Yapılacak yol için Ankara Büyükşehir Belediyesi’nin ODTÜ’den izin alması ya da ODTÜ’nün Ankara Büyükşehir Belediyesi’ne izin vermesi değil, orman sahibi olarak ODTÜ’nün Orman Genel Müdürlüğü’nden izin alması gerekir. Böylesi bir izin için ise; kesilecek ağaçların yer (bölme ve bölmecik), cins/tür ve hacimlerinin plan verilerine göre gösterileceği Olağanüstü Hasılat Etası Raporu hazırlanması ve Raporun onaylanması zorunludur.

Uygulama aşamasında ise kesilmesi öngörülen ağaçların damgalanması, Dikili Kesim Zabıtnamesi hazırlanması; kesilen ağaçların alandan çıkarılıp başka yerlere taşınabilmesi için ise Nakliye Tezkeresi düzenlenmesi gerekir. Usulüne uygun kesilip nakil edilmeyen orman ürünleri, kolluk kuvvetleri tarafından yakalandığında ‘kaçak’ işlemi görür. Ağaçların sökülüp başka yere taşınması da izin alınmasını ve Nakliye Tezkeresi düzenlenmesini gerektirir.

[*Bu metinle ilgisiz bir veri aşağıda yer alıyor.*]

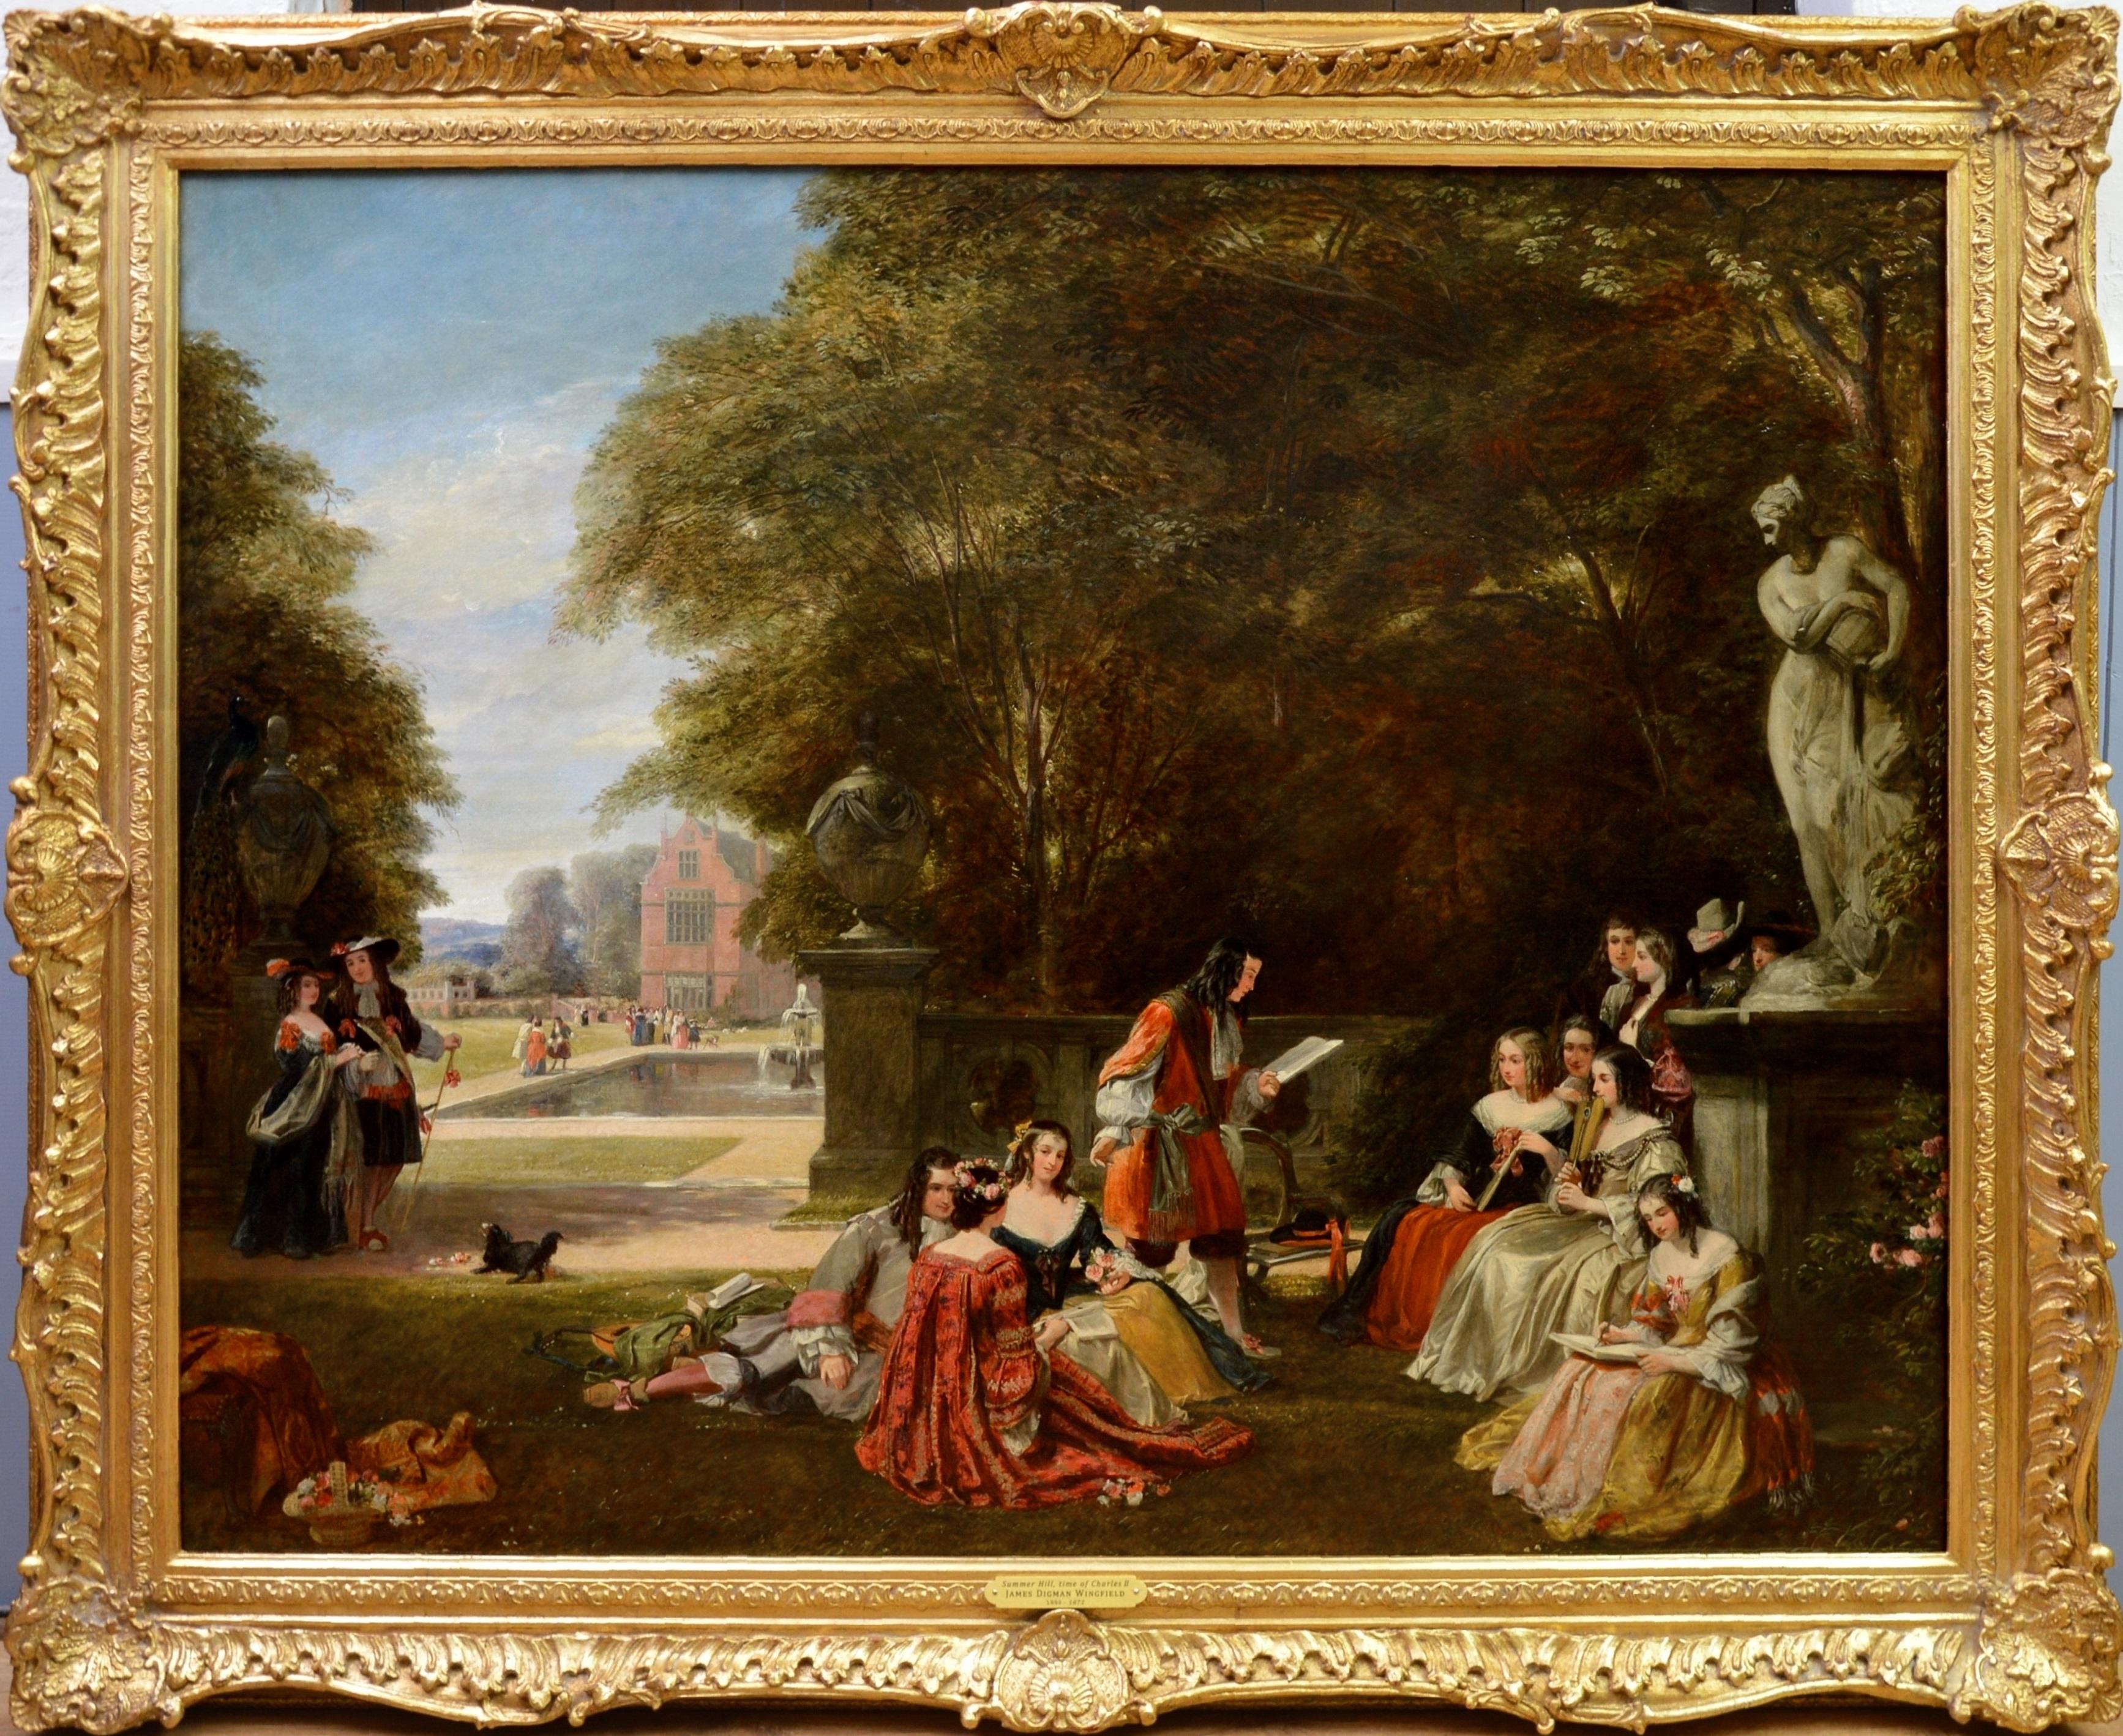 James Digman Wingfield  Figurative Painting - Summer Hill - V Large 19th Century Royal Academy Oil Painting of King Charles II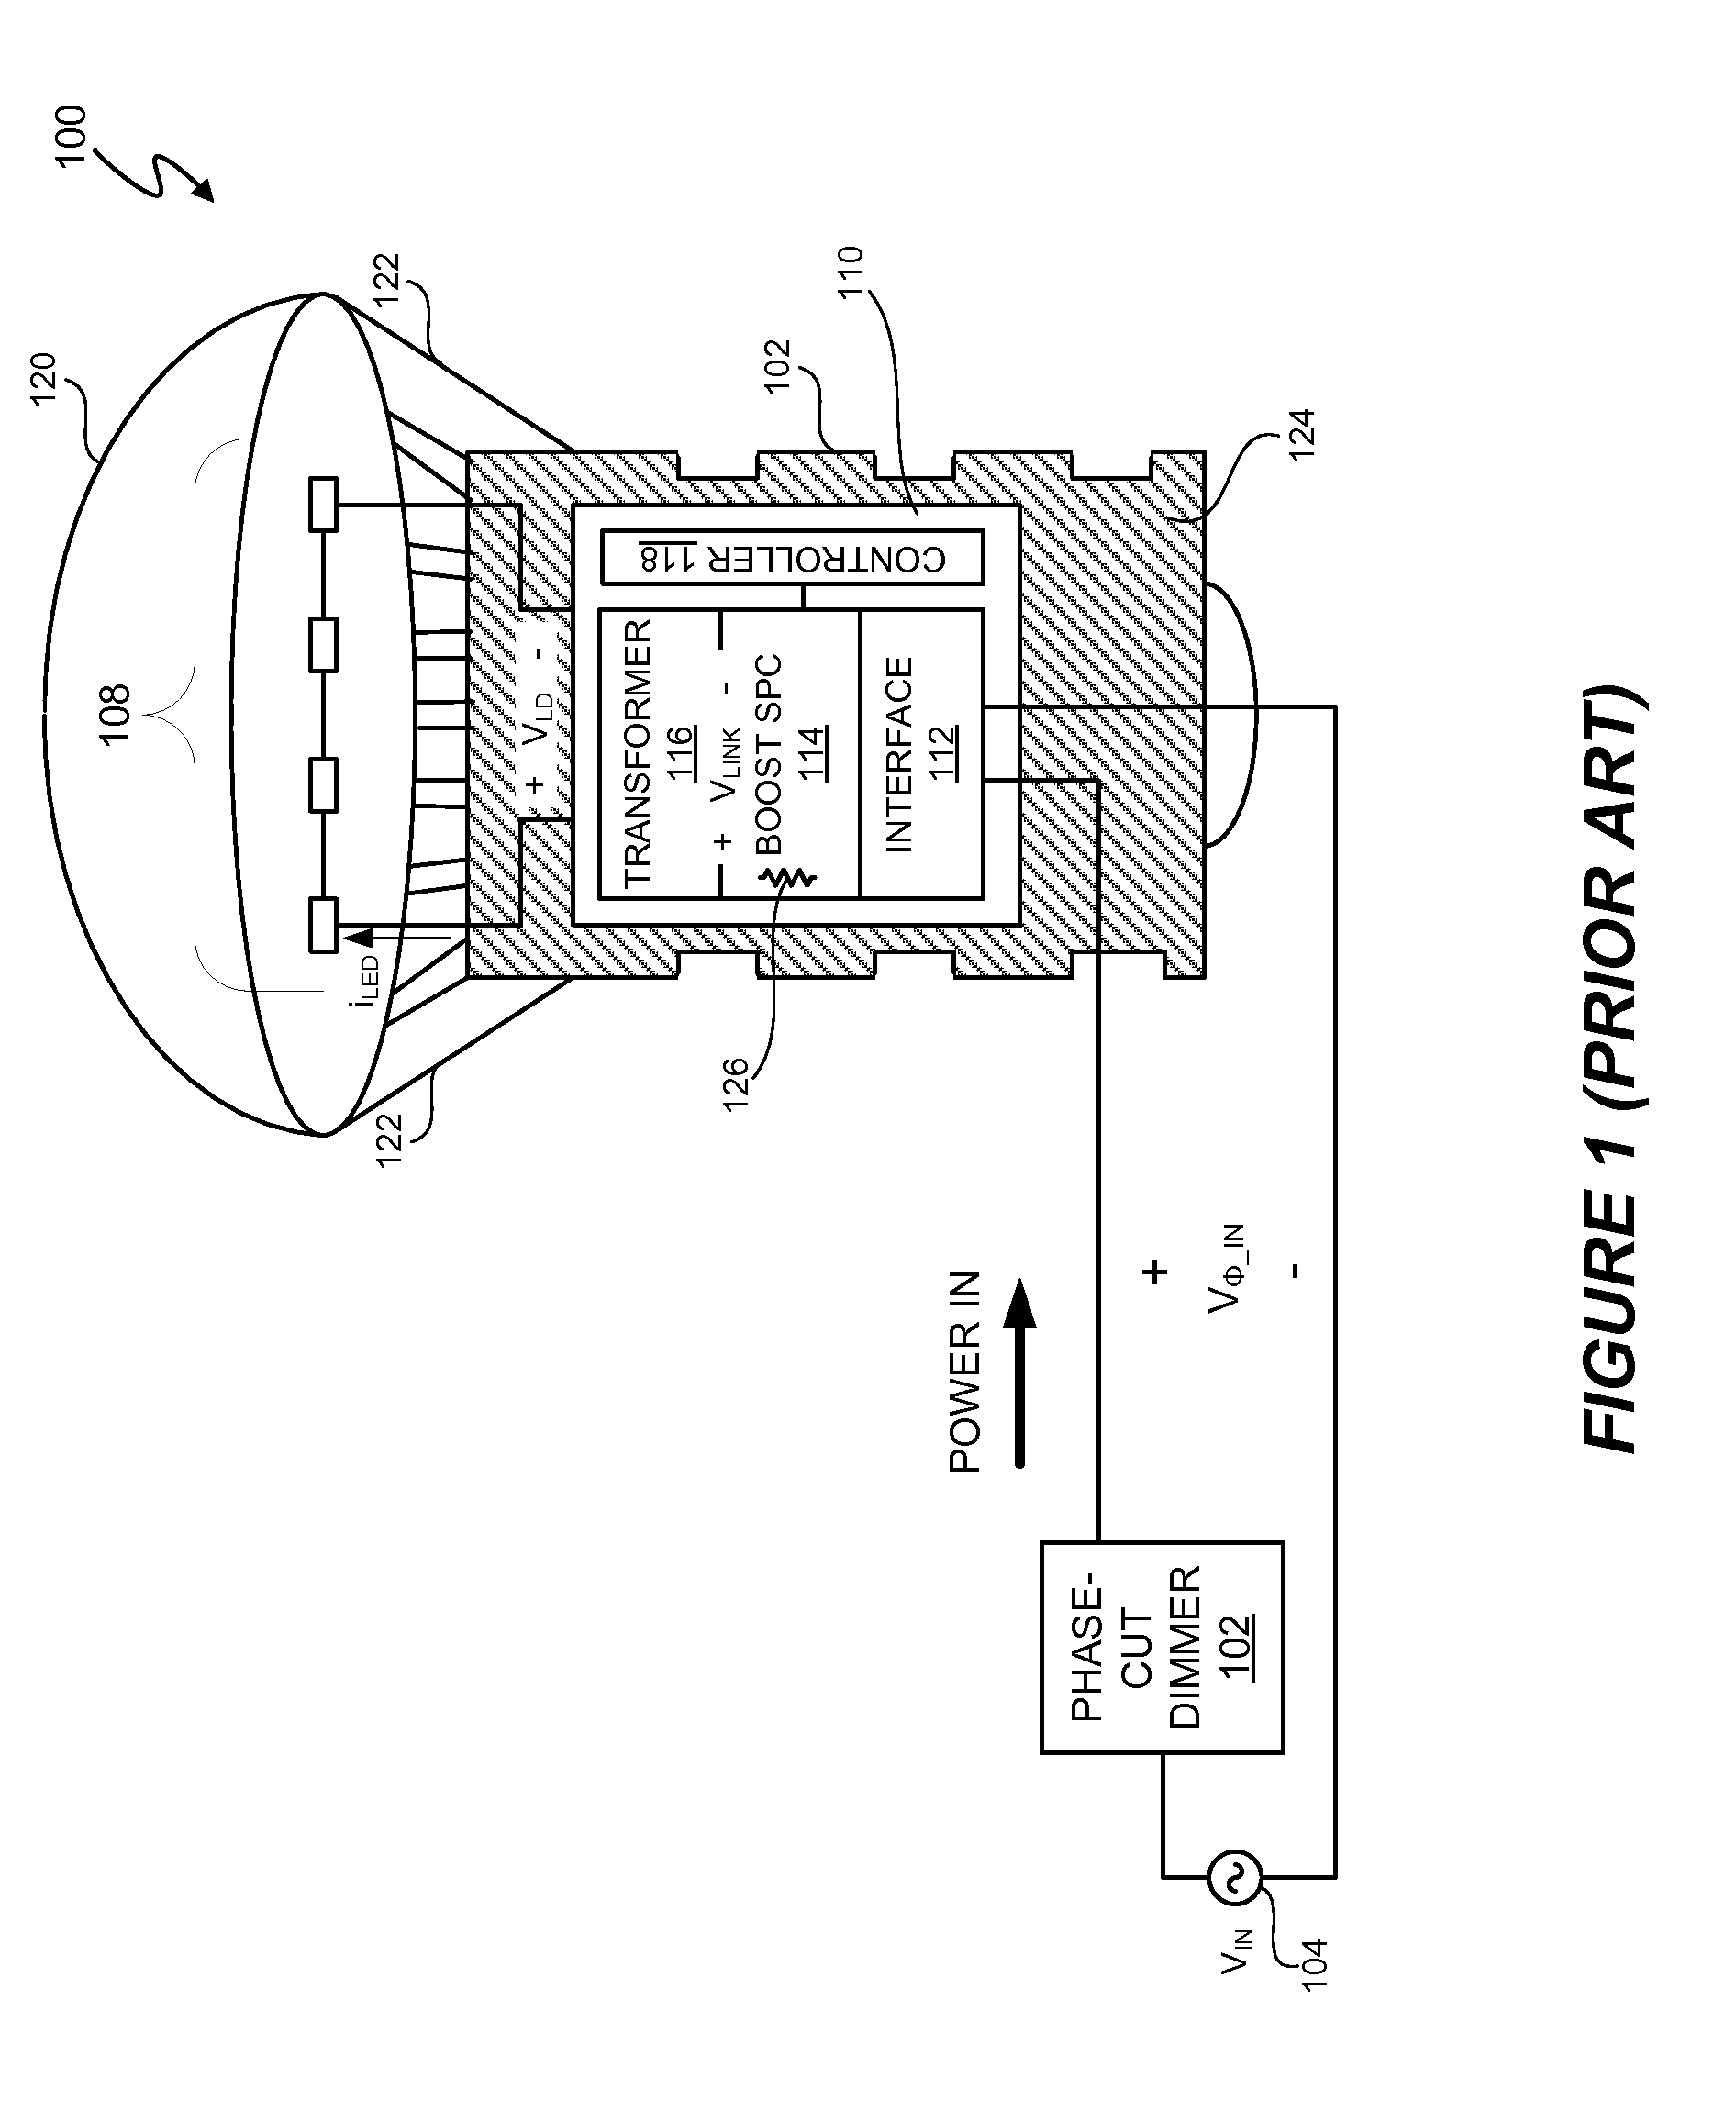 Thermal Management In A Lighting System Using Multiple, Controlled Power Dissipation Circuits

Orman Kanununun 14. Madde’sinin A fıkrası uyarınca ‘Yetişmiş veya yetiştirilmiş fidanları kesmek, sökmek, ekim sahalarını bozmak, yaş ağaçları boğmak, yaralamak, tepelerini veya dallarını kesmek veya koparmak veya ağaçlardan yalamuk, pedavra hartama çıkarmak’, B fıkrası uyarınca ‘Dikili yaş veya kuru ağaçları kesmek veya bunları kökünden sökmek’, yasaktır ve suçtur!”

 

(Diken)

Almanya’da “nefret söylemi” yasası uygulamada: 50 milyon Euro’ya kadar ceza

Almanya, sosyal medya sitelerine yönelik “nefret söylemi” yasasını uygulamaya koydu. Yeni yasayla birlikte sosyal medya şirketlerinin “yasadışı olduğu açık” içerikleri kaldırmaları zorunlu olacak.

2 milyonun üzerinde Alman kullanıcısı olan şirketleri kapsayan yasaya göre, bu içeriklerin 24 saat içerisinde kaldırılmaması durumunda şirketlere ceza verilecek.

Şirketlere verilebilecek cezalar için 50 milyon Euro sınır konulurken, 24 saat sınırının bu yasayı mevcut en sert yasa yaptığı aktarılıyor.